The Truth About Phuong Ngo's Organized Murder Plot

Political rivalries are extremely commonplace. Considering that politicians don't all share the same views as each other, nor represent the same parties, oftentimes they are also competing for the same governmental seat. In running for such positions, it's normal to see political advertising that blasts and attacks opponents. Yet, sometimes it can get even testier than just words and ads.

Legislative violence is a term used to describe exactly what it states: violence during legislation. It's happened in nearly every country around the world, according to the Washington Post. Words are exchanged, and sometimes they are followed by punches. But what happens when the violence goes beyond slugging? For decades, Russian President Vladimir Putin has been accused of allegedly taking out his political rivals. Several of his vocal critics have mysteriously died, per another Washington Post report. Putin has never been linked to any of these deaths, but a cloud of suspicion remains over him.

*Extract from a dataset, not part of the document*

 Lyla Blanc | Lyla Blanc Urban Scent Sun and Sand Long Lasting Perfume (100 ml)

However, for Australia's Phuong Ngo, there is no suspicion, and the politician currently sits in prison because he turned his political rivalry into a fatal ordeal.

Phuong Ngo's political ambitions

The Vietnamese-born Australian politician was an immigrant success story. Phuong Ngo immigrated to Sydney, Australia, in the early '80s with barely any money, reports Australia's Herald Sun. Still, he managed to find his way up by becoming a businessman as well as an important figure in the city's Vietnamese community. His growing rise and influence gave him political aspirations, and with that, he set a historic milestone. 

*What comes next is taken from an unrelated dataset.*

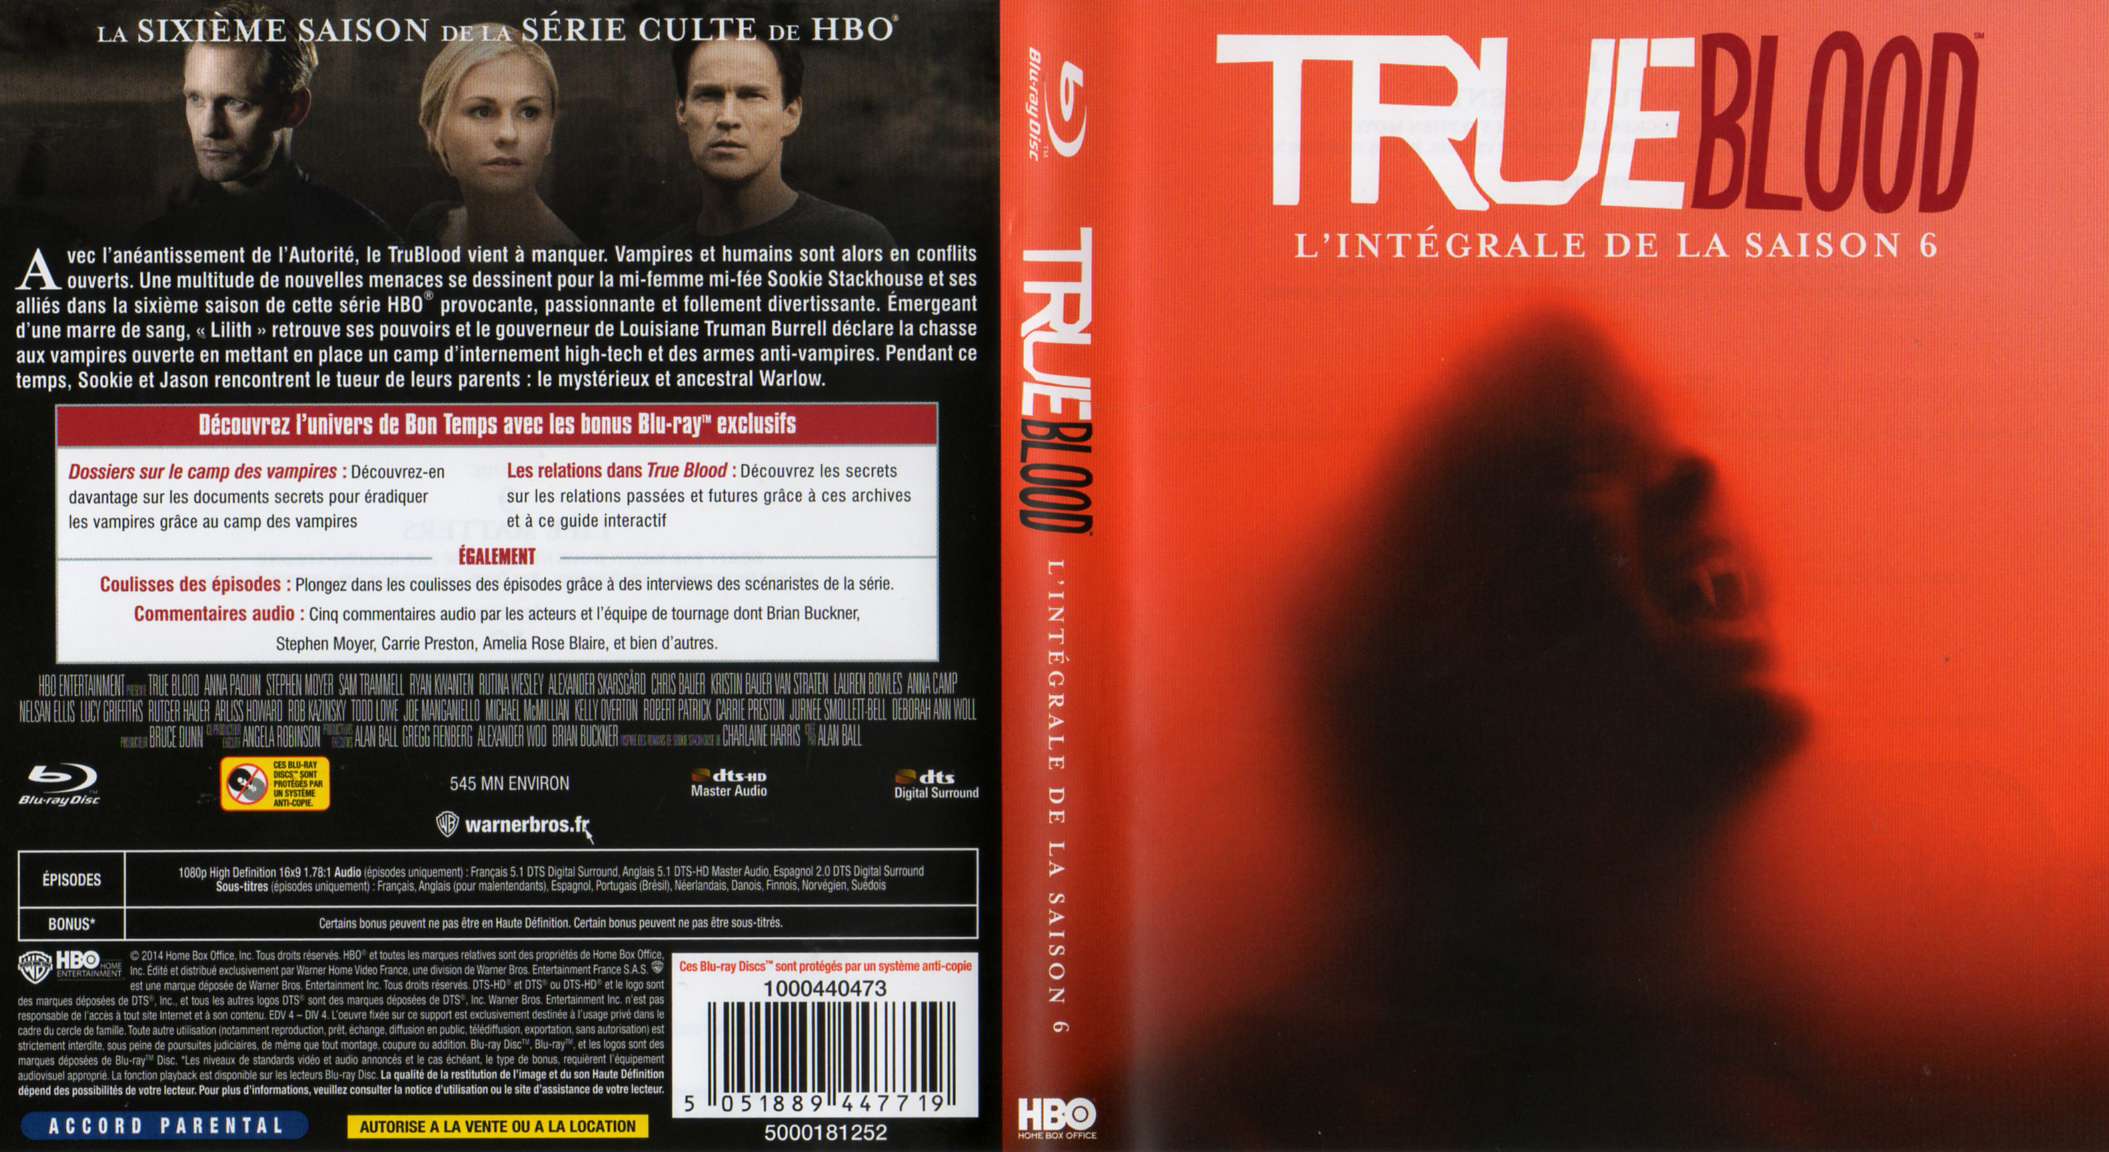 Jaquette DVD True blood saison 6 (BLU-RAY)

In 1987, Ngo was elected to the Fairfield City Council and was the first Vietnamese person in Australia to achieve such a role. However, by the early '90's, Ngo was even more ambitious and wanted a bigger political role. He also wanted to make history again as a Vietnamese, by going for a seat in the Parliament of Australia. But that seat was taken by another man. John Newman was a Member of Parliament (MP) representing Cabramatta — the same district Ngo was gunning for. Both men also stood on opposite ideas. Newman was known to be a by-the-books politician who went hard against crime and gangs. Whereas, Ngo was politically hungry and desired power. He was also accused of being involved in crime and drug-use in Cabramatta, per the Herald Sun.

A shocking political assassination

When Phuong Ngo ran against John Newman in 1991, he lost. Naturally in politics when you lose an election, you either fall into obscurity, run for another seat, or try again. But that likely meant nothing to Ngo. Instead, he had a darker side to him. Apparently, after his loss to Newman, he changed political parties by joining Australia's Labor Party (ALP) — the same party as Newman.

Ngo also let it be known that he was no fan of Newman in an interview afterward. Even beyond interviews, he was often spouting off about how much he disliked Newman. Insomuch that it was common knowledge he hated him (via Herald Sun). 

On September 5, 1994, Newman was assassinated. He was shot dead in his driveway by a killer who fled the scene. He was 47 years old. The shocking crime was Australia's first political assassination, per Daily Telegraph. Since it was such an unusual and horrific incident in Australia, Newman was given a state funeral as a result (pictured above).

The aftermath of Phuong Ngo's arrest and conviction

People suspected Ngo was involved in Newman's death, but it would take a few years before the authorities pointed to him as the mastermind of the crime and placed him in cuffs. Ironically, the very seat that Ngo took out Newman for was succeeded by Reba Meagher (via Crikey), who was already in talks to take over his spot before the assassination. Essentially, this meant Ngo wouldn't have had a shot if he tried, and his next role wouldn't be anything close to politics. 

In 1998, Ngo was charged with Newman's murder, per The Sydney Morning Herald. It took three trials to finally convict him in 2001. The two men Ngo had hired for the assassination, Tu Quang Dao and David Dinh, were both acquitted (via The Sydney Morning Herald). However, Ngo was given a life sentence, which he is currently serving. He's tried to challenge his conviction in the years after being sentenced, but Ngo has exhausted all of his appeals and will likely die in prison. According to the Herald Sun, Ngo presented himself as a well-to-do politician, but it was a facade. Ngo was reportedly deeply entrenched in Cabramatta's underworld and gangs, and he allegedly used his club to manage his organized crime. When he was sent away, authorities noted that crime rapidly decreased.